As indicated above, tumor cells almost uniformly undergo autophagy in response to exogenous forms of stress such as chemotherapy and radiation treatment. Although the majority of the scientific literature tends to consider autophagy as a cytoprotective response to stress and as a mechanism of resistance, this premise is subject to a number of reservations. One is that autophagy is not uniformly cytoprotective; in fact, autophagy can exist in one of four functional forms, only one of which is protective; the other forms are cytotoxic, cytostatic and nonprotective autophagy (49 ). Consequently, efforts to exploit autophagy inhibition as a therapeutic strategy for radiosensitization (or chemo-sensitization) are unlikely to be successful unless all autophagic responses to radiation treatment, regardless of the tumor type, actually prove to be cytoprotective, which is highly unlikely based on our preclinical studies.

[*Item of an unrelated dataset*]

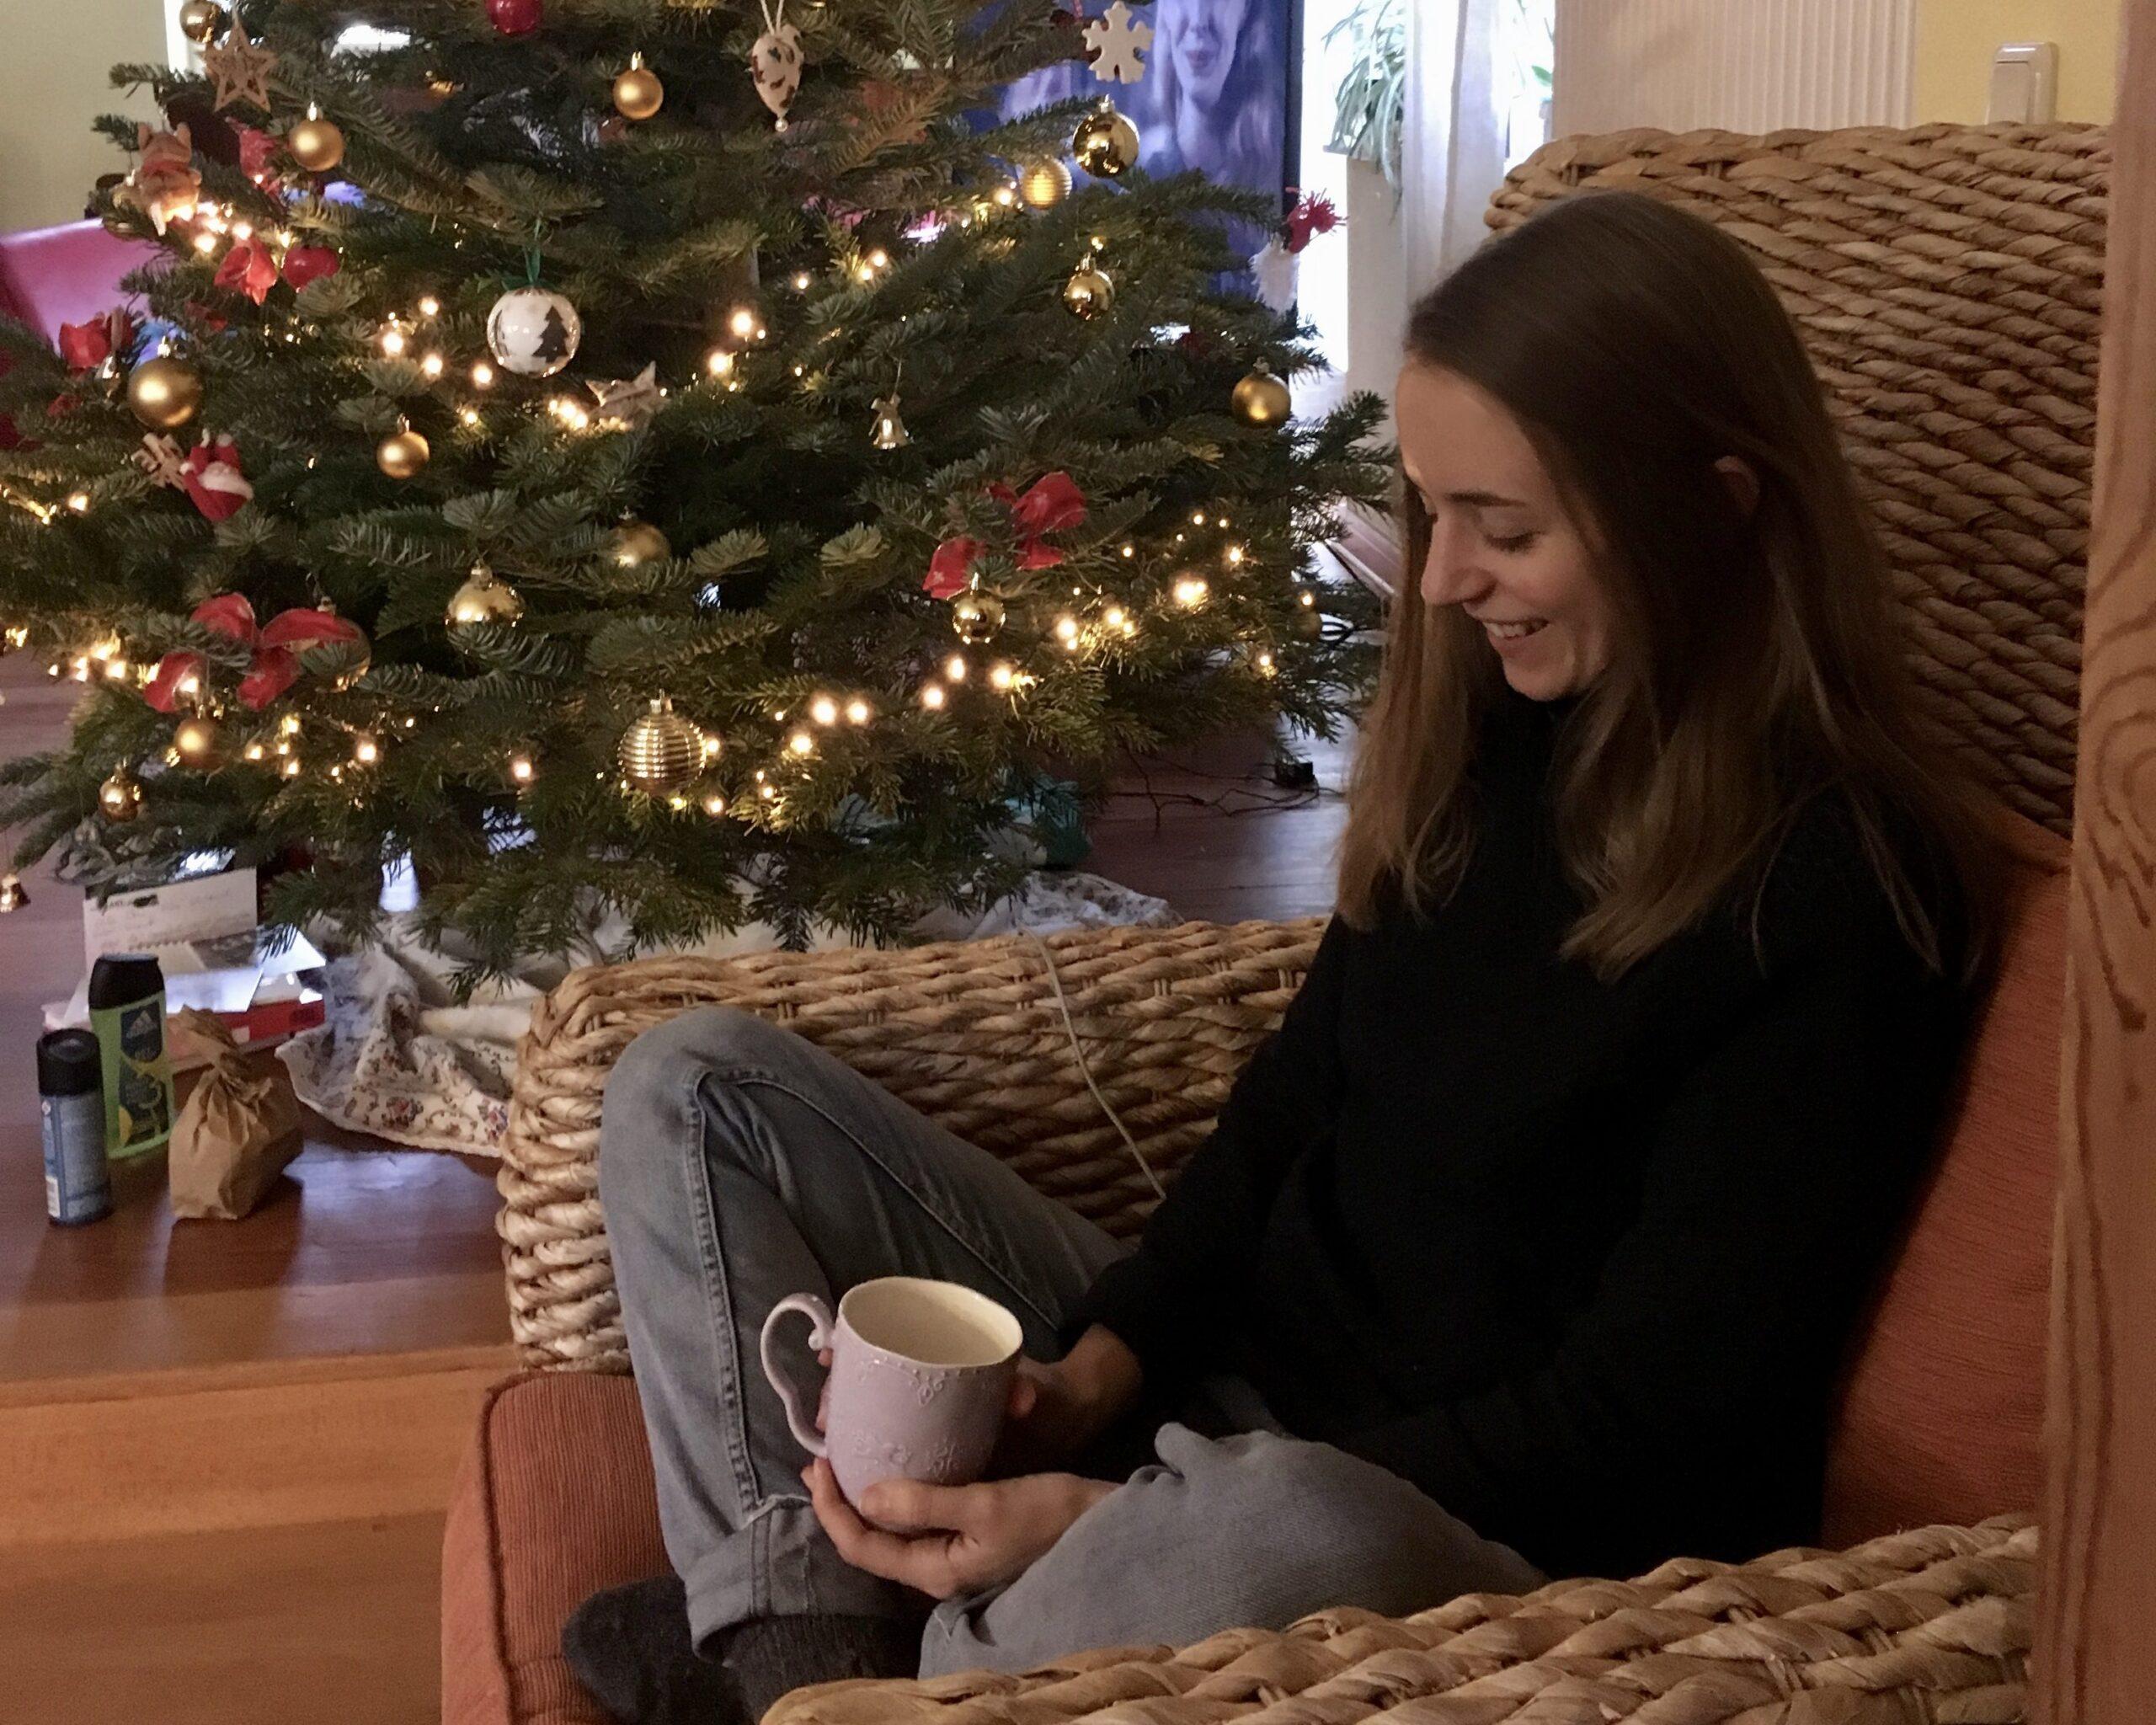 Miriam Hanika sitzt mit einer Tasse auf einem Korbsessel neben dem Weihnachtsbaum.
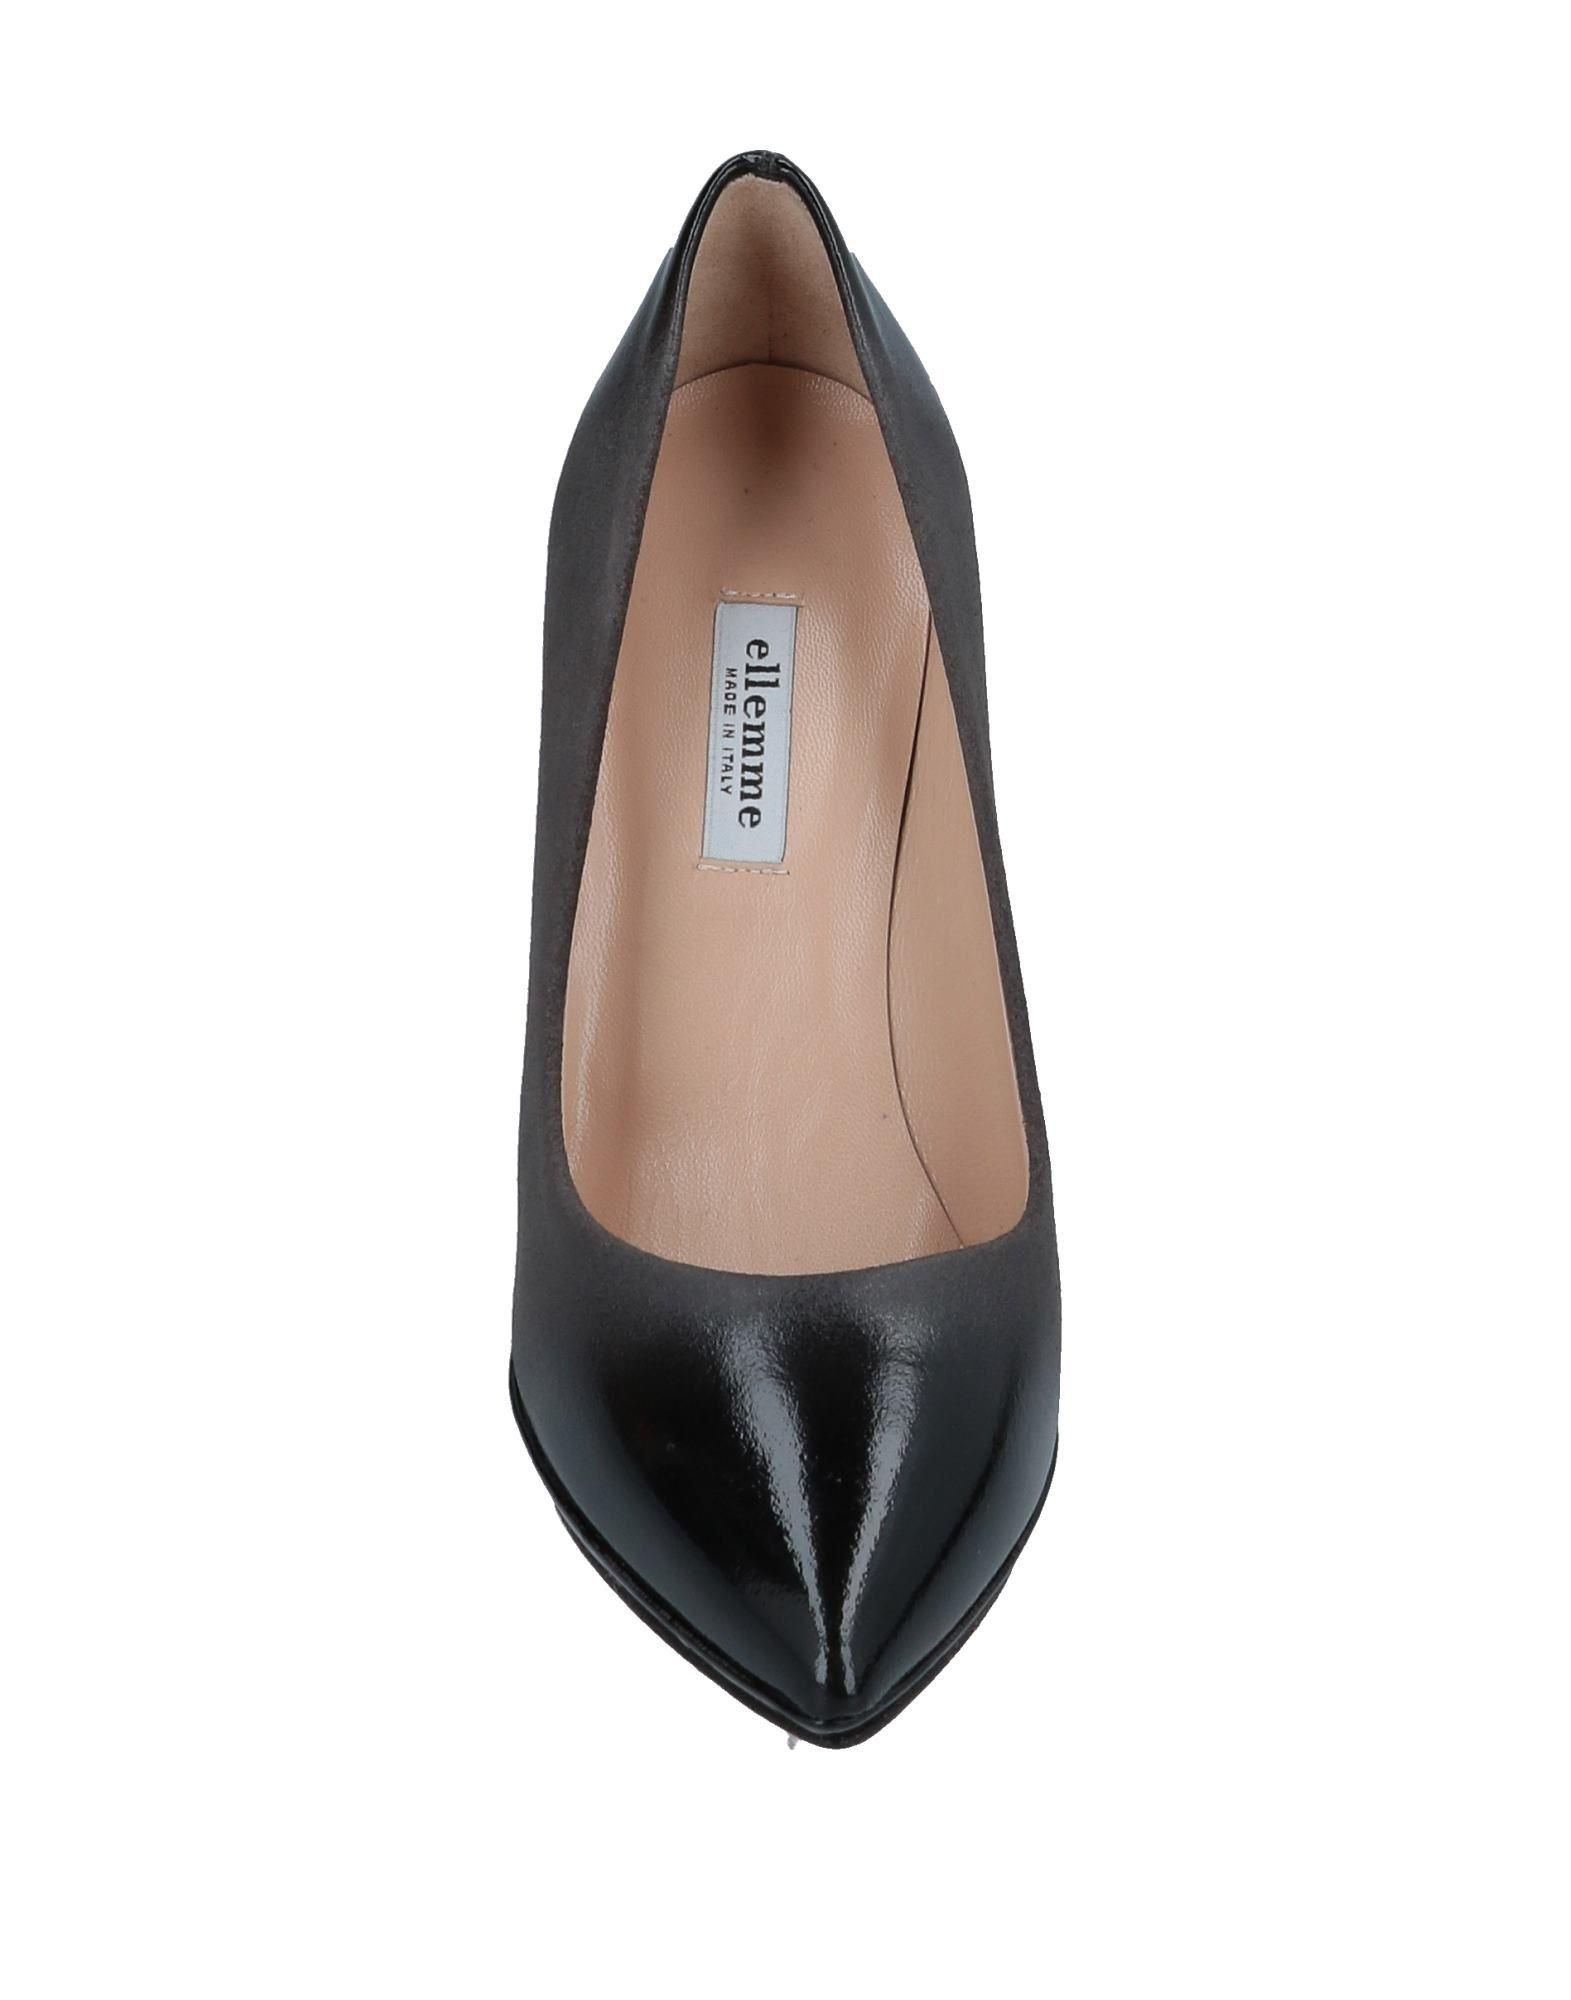 Ellemme Gute Pumps Damen  11546650UJ Gute Ellemme Qualität beliebte Schuhe afa750

AUTOPHAGY AND TUMOR DORMANCY

Dormancy is traditionally considered to be a state of arrest wherein tumor cells cease to divide but still remain viable until appropriate environmental conditions are introduced to begin proliferation, leading to disease recurrence (50 ). Recently published work by Vera-Ramirez et al. demonstrated the role of autophagy in sustaining/promoting survival in dormant breast cancer cells. Autophagy inhibition via hydroxychloroquine (HCQ) exposure was sufficient to reduce cellular survival of dormant breast cancer cells and to reduce lung metastases in vivo (51 ). However, once these cells regained proliferative growth, the effect of HCQ was minimal, suggesting that autophagy could be important for cells in prolonging dormancy. However, it should be acknowledged that HCQ may have multiple off-target effects, raising reservations as to whether the observed effects are actually directly related to autophagy.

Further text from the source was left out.